Magnetic gradient tensor measurements [1–3] have many theoretical advantages over conventional magnetic surveys (i.e., vector and total magnetic intensity measurements). For example, tensor elements are true potential fields with desirable mathematical properties, magnetic gradient tensor measurements are relatively insensitive to orientation errors and geomagnetic gradients, and gradient tensor elements can provide valuable additional information and have better resolution. Based on those merits, magnetic gradient tensor measurements are widely used in magnetic target detection, demining, geological survey, and navigation. Over the past decades, there has been growing interest in developing magnetic gradient tensor systems, such as the hexahedron magnetic gradient tensor system designed by the Naval Surface Warfare Center [4] and the tetrahedron magnetic gradient tensor system designed by the DSO National Laboratories [5, 6].
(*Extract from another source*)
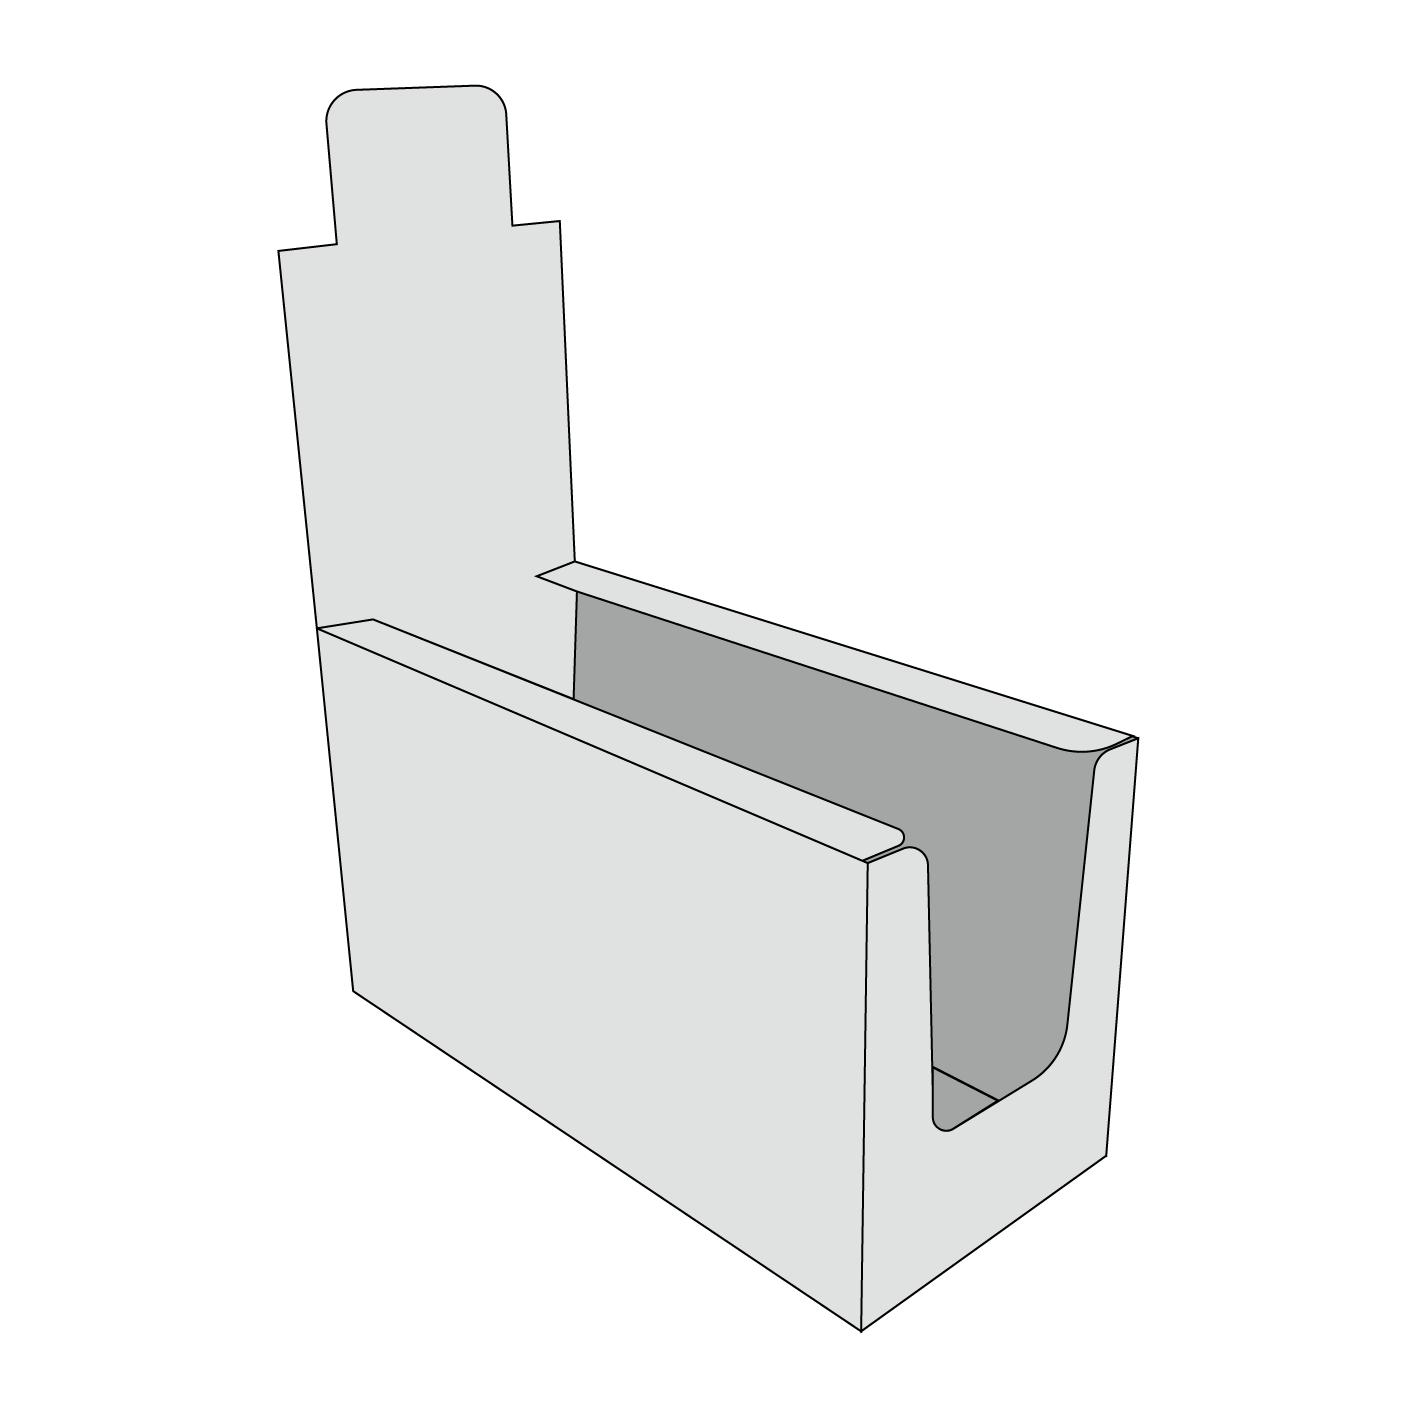 Craftpak Corrugated Box

Generally, superconducting quantum interference devices (SQUID) [7] or fluxgate magnetometers are two major sensors to construct a magnetic gradient tensor system. SQUID sensors have the merits of high sensitivity and precision, but the SQUID system needs to be liquid He-cooled or liquid nitrogen-cooled, which results in the SQUID system being complicated and expensive. Compared with SQUID sensors, fluxgate magnetometers have the advantages of small size, low power with relatively high sensitivity, and low cost [8], so there are many kinds of magnetic gradient tensor systems configured by fluxgate magnetometers. However, being restricted by technological limitations and manufacturing crafts, the magnetic gradient tensor system is subjected to different scale factors, three-axis nonorthogonality, bias, and misalignment errors [9]. All those errors above will influence the measurement precision directly, so the magnetic gradient tensor system must be calibrated before use.

Magnetic gradient tensor system is always configured by several vector magnetometers, so the error calibration process can be divided into two steps: the first step is to calibrate the single vector magnetometer, and the second step is to calibrate misalignment errors between magnetometers. Many research papers have a focus on the calibration of single vector magnetometer, and the calibration method can be divided into vector calibration and scalar calibration.
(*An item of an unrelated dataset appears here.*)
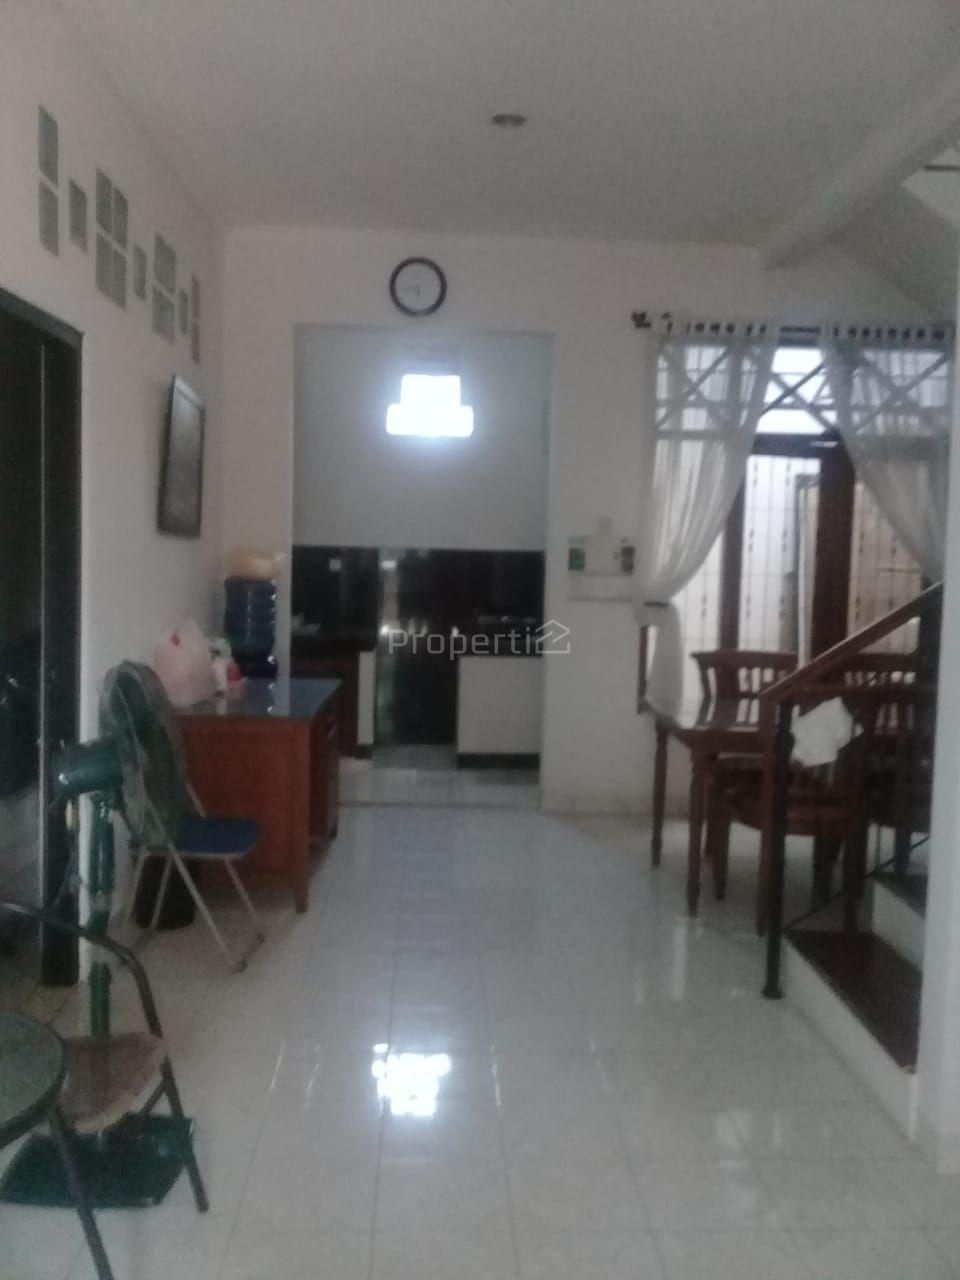 Favorite House in Residential Middle of Bogor City, Jawa Barat

Vector calibration [10, 11] needs a rigorous calibration magnetic field and a high-precision tri-axial nonmagnetic platform, the calibration equipment is very expensive, and the calibration procedure is complicated, so vector calibration is not suitable for practical applications. However, on the other hand, scalar calibration [12–14] is usually described as the “poor man’s” calibration method, because scalar calibration only needs a high-precision proton magnetometer to monitor the background geomagnetic field, and the calibration procedure is simple and easy to perform. Yu et al. [12, 13] proposed a calibration method for a magnetic vector gradiometer, but two or higher-order small quantities were omitted in this method, and the precision of the corrected outs was reduced. Gang et al. [14] calibrated the magnetic gradient tensor system using a linear calibration method, but two nonlinear conversions were used to linearize the nonlinear mathematical model of single vector magnetometer calibration, and the calculation process was complicated. Zhen-tao et al. [15] achieved calibration of the tetrahedron magnetic gradiometer with the restriction of traceless and symmetric properties. Calibration matrixes were estimated with a genetic algorithm; however, the optimization algorithm was easily trapped into local optimization, and the convergent speed was slow.
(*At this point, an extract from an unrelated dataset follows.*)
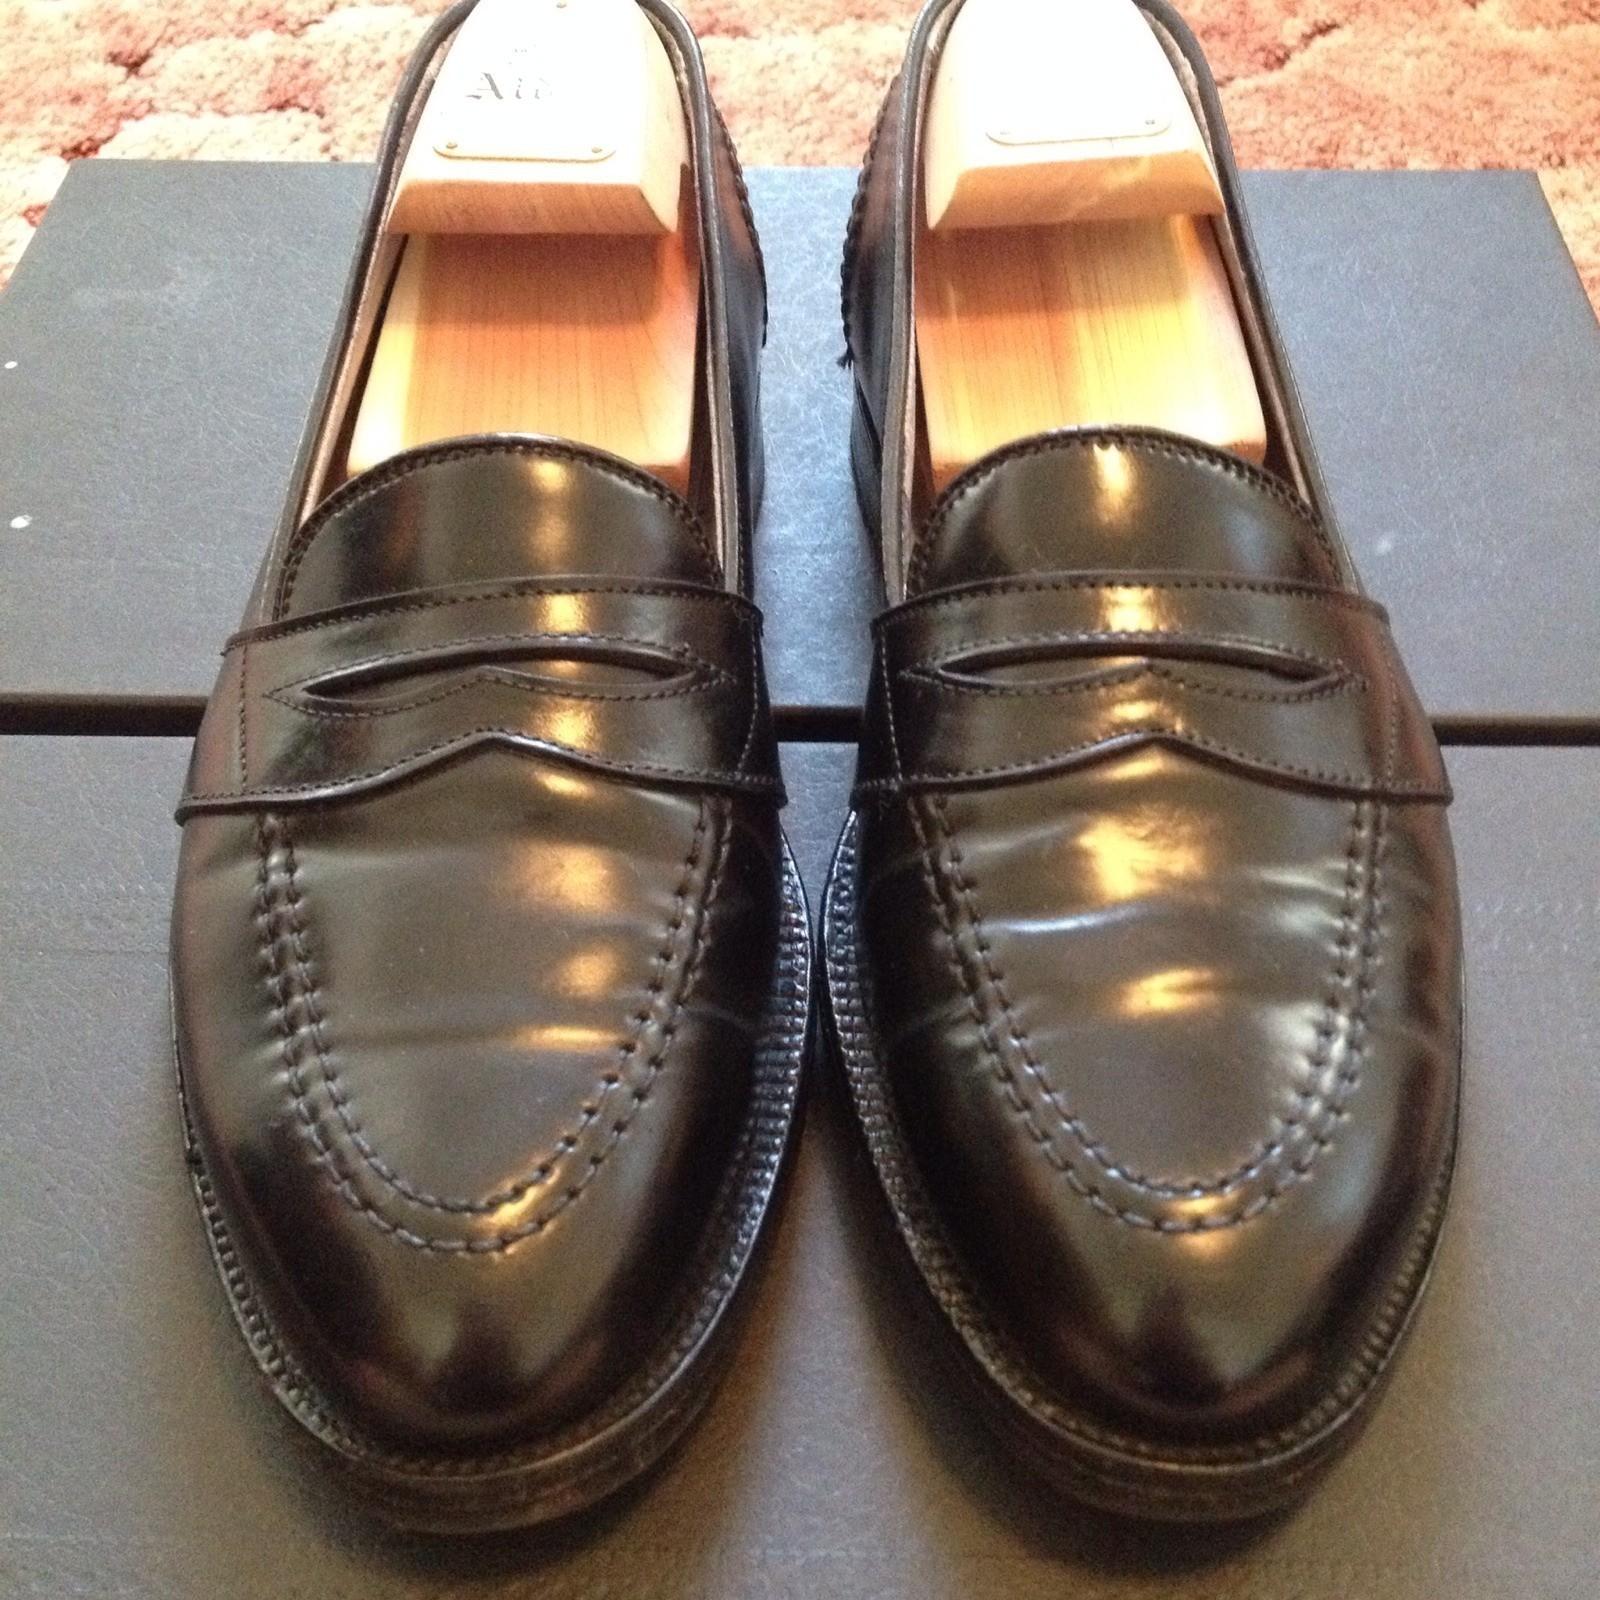 For sale alden 6845 black shell cordovan low vamp loafer sz 8c lnib

In this paper, an error calibration method of the cross magnetic gradient tensor system is proposed, and the calibration process is divided into two steps. Firstly, considering the scale factors, bias, and three-axis nonorthogonal errors, an error calibration model of the single fluxgate magnetometer is established, the nonlinear calibration model is transformed into a linear model of intermediate variables, and least-squares approximation method is a traditional method to solve an over-determined system of equations, which is called the original method in this paper; however, the least-squares method is asymmetry, and motivated by this, the total least-squares method is introduced to calculate the error parameters in this paper, which is called the proposed method. Secondly, the orthogonal procrustes problem is adopted to calibrate misalignment errors. Simulations and experiments are carried out, and the results show that the proposed error calibration method can improve the measurement accuracy of the cross magnetic gradient tensor system.

2. The Configuration and Error Model of Cross Magnetic Gradient Tensor System

2.1. The Configuration of Cross Magnetic Gradient Tensor System

The magnetic gradient tensor is defined as the vector gradient of the magnetic flux density in three orthogonal directions, and the magnetic gradient tensor can be represented by the following matrix:

There are nine components in the matrix . In an area that does not contain conduction currents, both the divergence and the curl of the magnetic flux density are zero, so the tensor is traceless and symmetric [16].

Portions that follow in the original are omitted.